The TetonTM and Teton AtlasTM cytoprofiling assays allow for on board segmentation using 3 Cell Paint markers: cell membrane, nucleus and actin. AVITI24TM employs on-board segmentation models for the following cells: HeLa, HUVEC, PC-3, Hep-G2, MCF-7, HCT-116, Jurkat and SH-Sy5y. We recommend selecting the cell type that most closely matches your cell of interest, or you can select “Other” with a specified um diameter to apply a general segmentation model.
Once the run has completed, perform a visual inspection in CytoCanvasTM to ensure the segmentation model has been properly applied to your samples. To do this, run Cells2Stats using the --visualization-only argument to first generate your visualization files. Then, review the visualization files in CytoCanvas. Visually inspect that you have clearly drawn boundaries around the nucleus and cellular membranes.
Poor segmentation could be a result of several factors which are listed below.
- Poor Cell Paint Intensities: Teton Reagent A and B are used to apply the cell membrane and nuclear membrane probes. If the intensities are low, you may want to adjust the time that the cells are in contact with Reagent A/B to adjust signal to desired level. We would recommend titrating using one of our onboard optimization kits, Teton Custom Antibody Screening Kit or the Teton Onboard Cell Paint Imaging Kit, or our off-instrument kit, Teton Cell Paint Probe Kit. With these kits, Reagent A and B are pre-mixed. The timing with the best signal with one of these optimization kits can be used for a Teton or Teton Atlas run. An example time course could be as follows –
Example probe titration using a 12-well slide kit
1
2
A
2 minutes
30 minutes
B
5 minutes
20 minutes
C
10 minutes
15 minutes
D
15 minutes
10 minutes
E
20 minutes
5 minutes
F
30 minutes
2 minutes
- Overlapping Cells: Cells that overlap or grow in small colonies will be more difficult to segment. When seeding cells, ensure they form a single cell suspension. For some cell types, this may require additional washes and manual pipetting to fully dissociate the cells. Review our cell culture guidance to ensure that the cells are evenly distributed across the wells. Consider adjusting seeding densities or fixing at a lower confluency to ensure a monolayer distribution.

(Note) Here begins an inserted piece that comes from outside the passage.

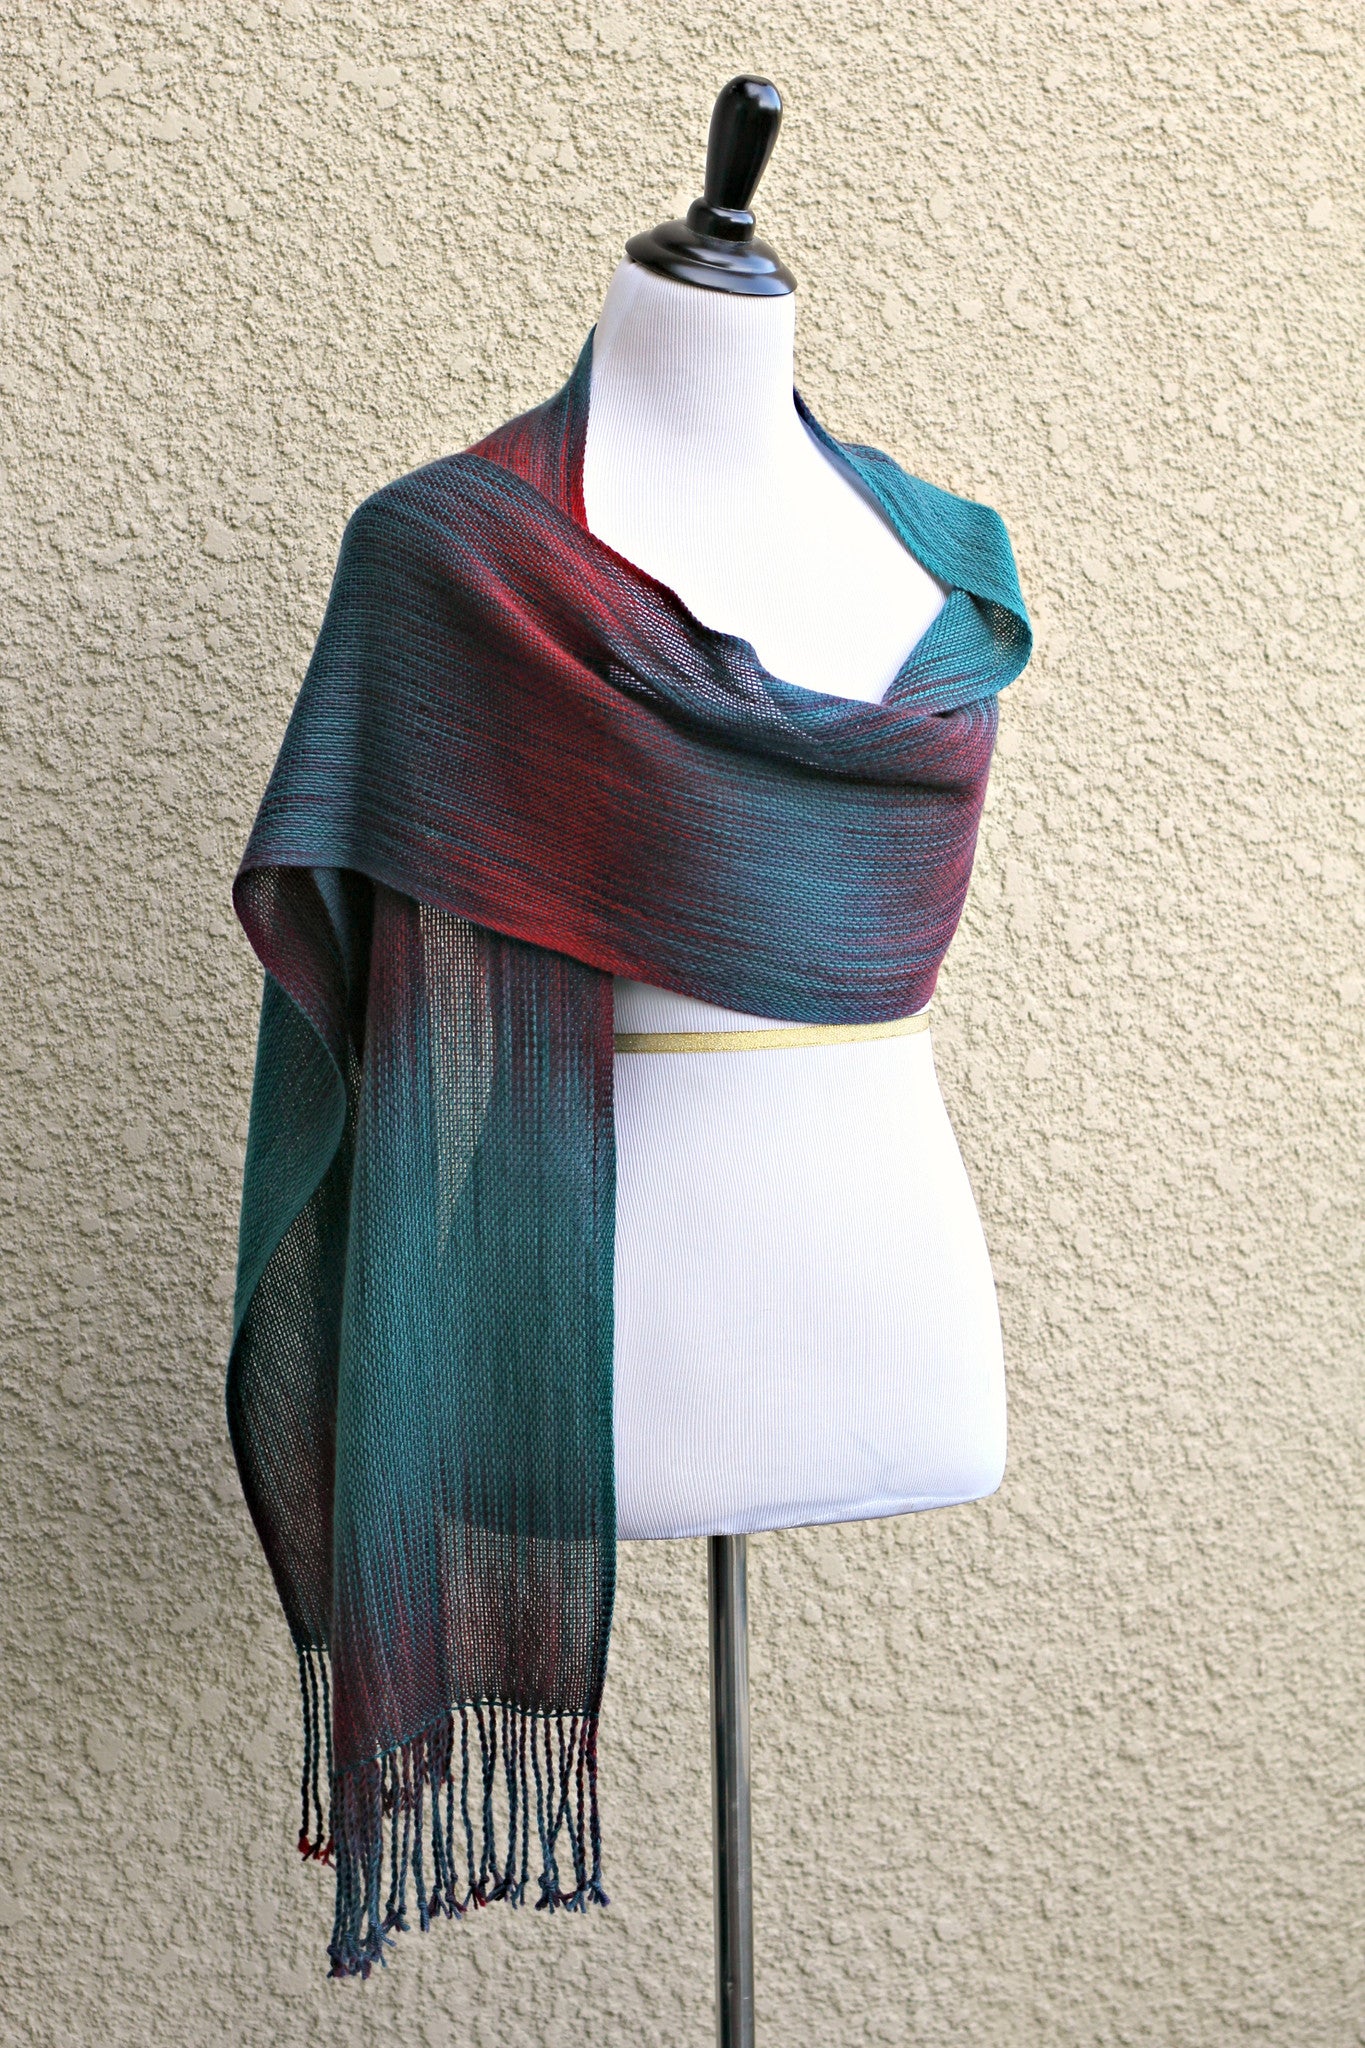 Woven scarf in dark teal, burgundy and red colors, gift for her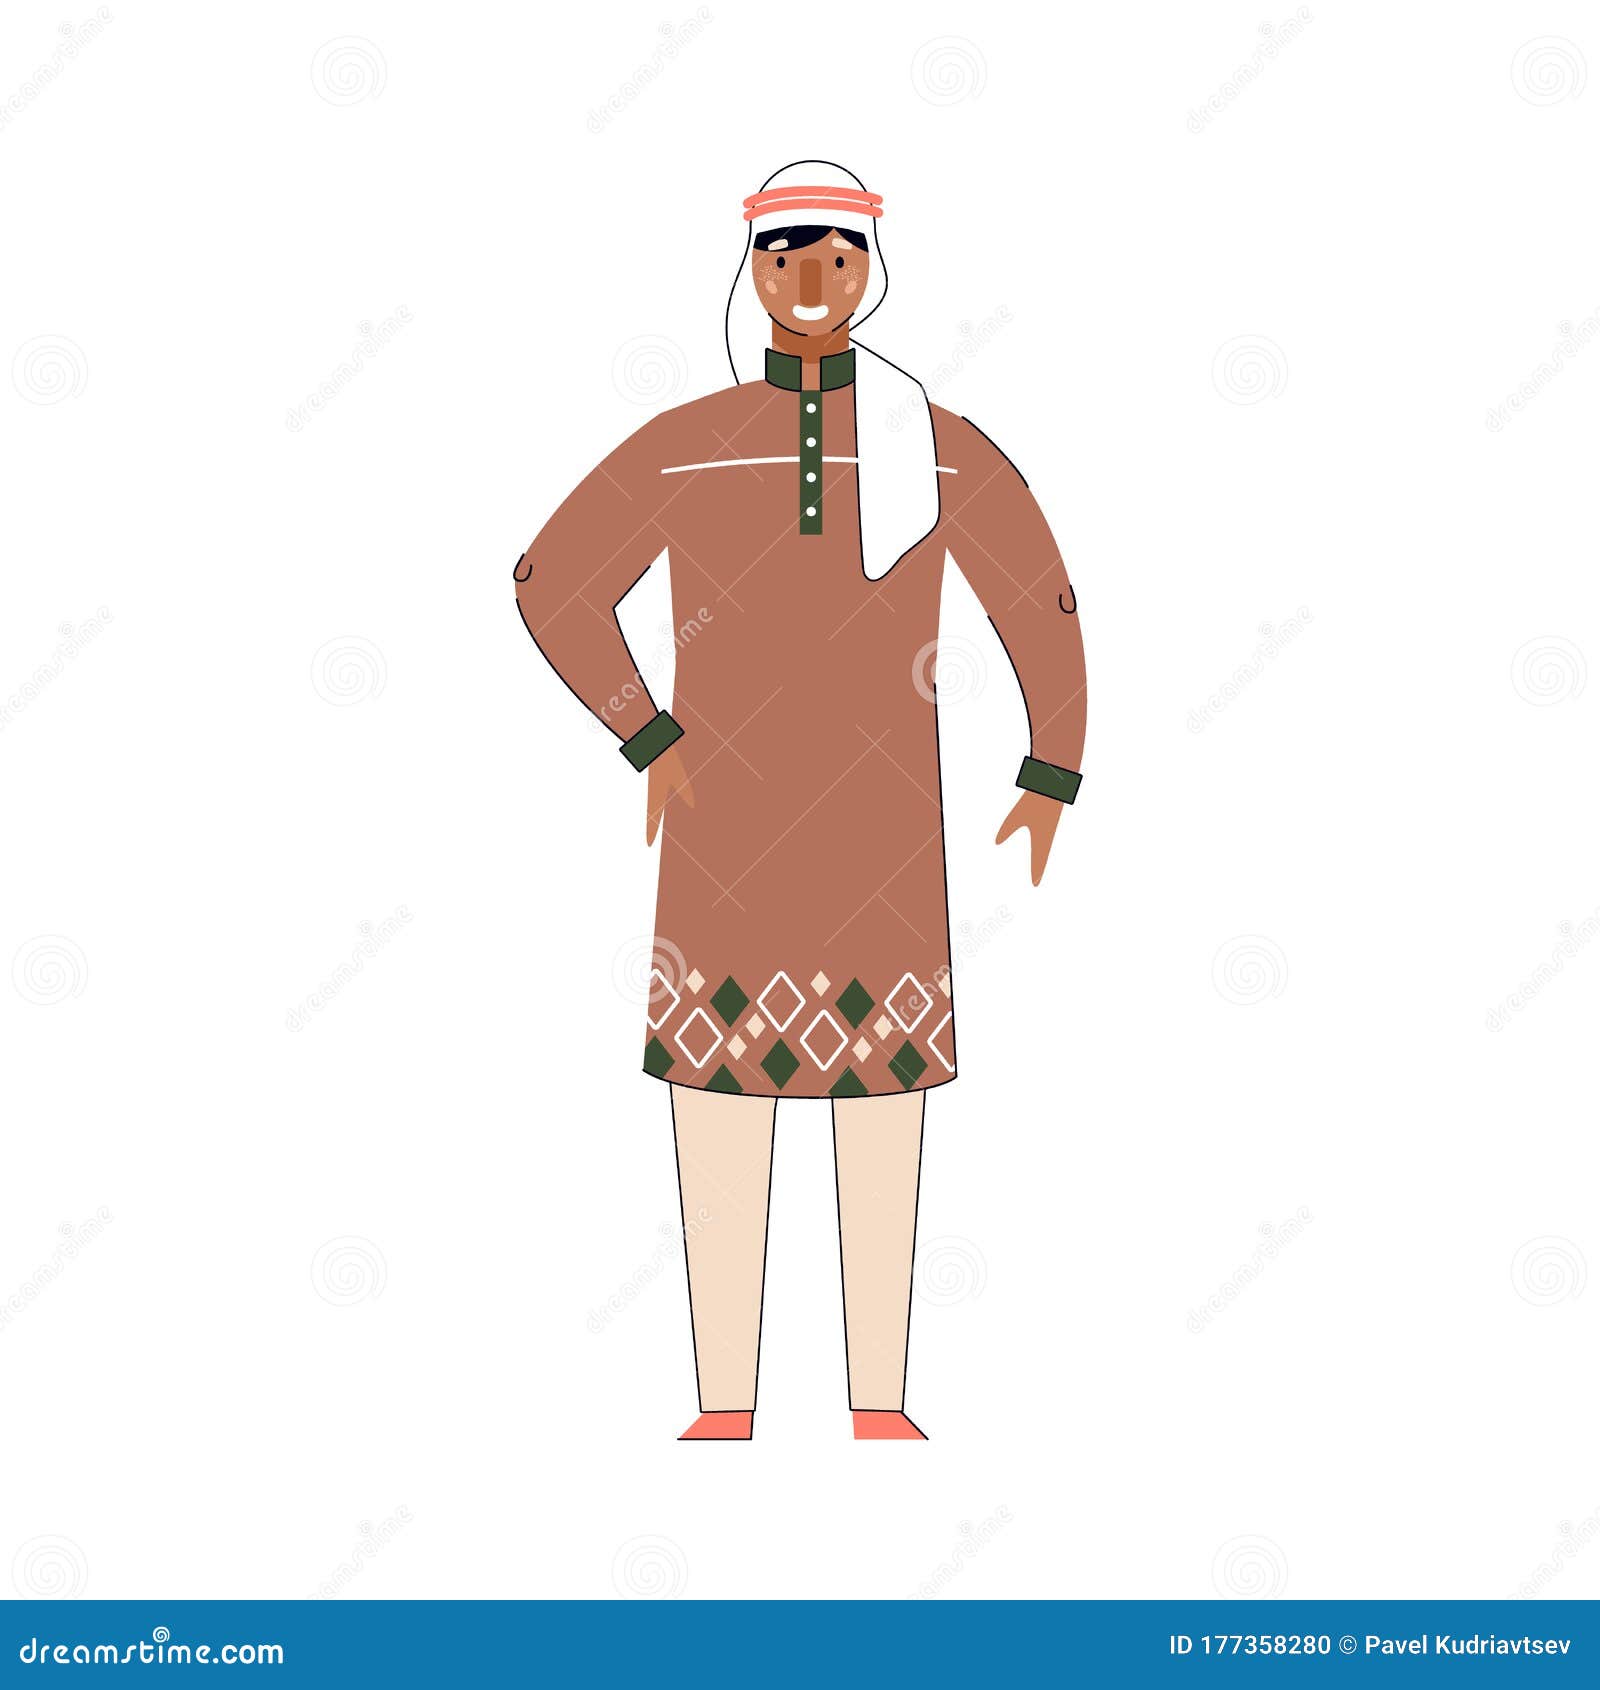 Male Arab Cartoon Character in Traditional Arabic Headscarf and Thobe.  Stock Vector - Illustration of gesture, smiling: 177358280

- Inappropriate Segmentation Model Used: The sample may be sufficiently different than the initial model selected on instrument resulting in poor segmentation. If this is the case, you can follow our Online Help tutorial Performing Resegmentation and Cell Assignment Using Python. This tutorial leverages CellPose, which is also utilized onboard the instrument for segmentation. We provide our pre-trained models in our cytoprofiling package on GitHub. CellPose also allows you to define your own model.
- High Background Intensity: Sufficient cell death or debris can lead to an increase of background intensity which could impair segmentation. Higher background intensity may be seen for certain surface types such as Matrigel and collagen. When working with these custom coatings, ensure the concentration and surface coating incubation time is correct. When passaging cells, ensure you are washing, centrifuging, and resuspending cells sufficiently to remove debris before seeding cells on the slide. This may require an additional wash and centrifugation step. Test treatments by running an IC50 to ensure the treatments are not overly aggressive and lead to excessive cell death.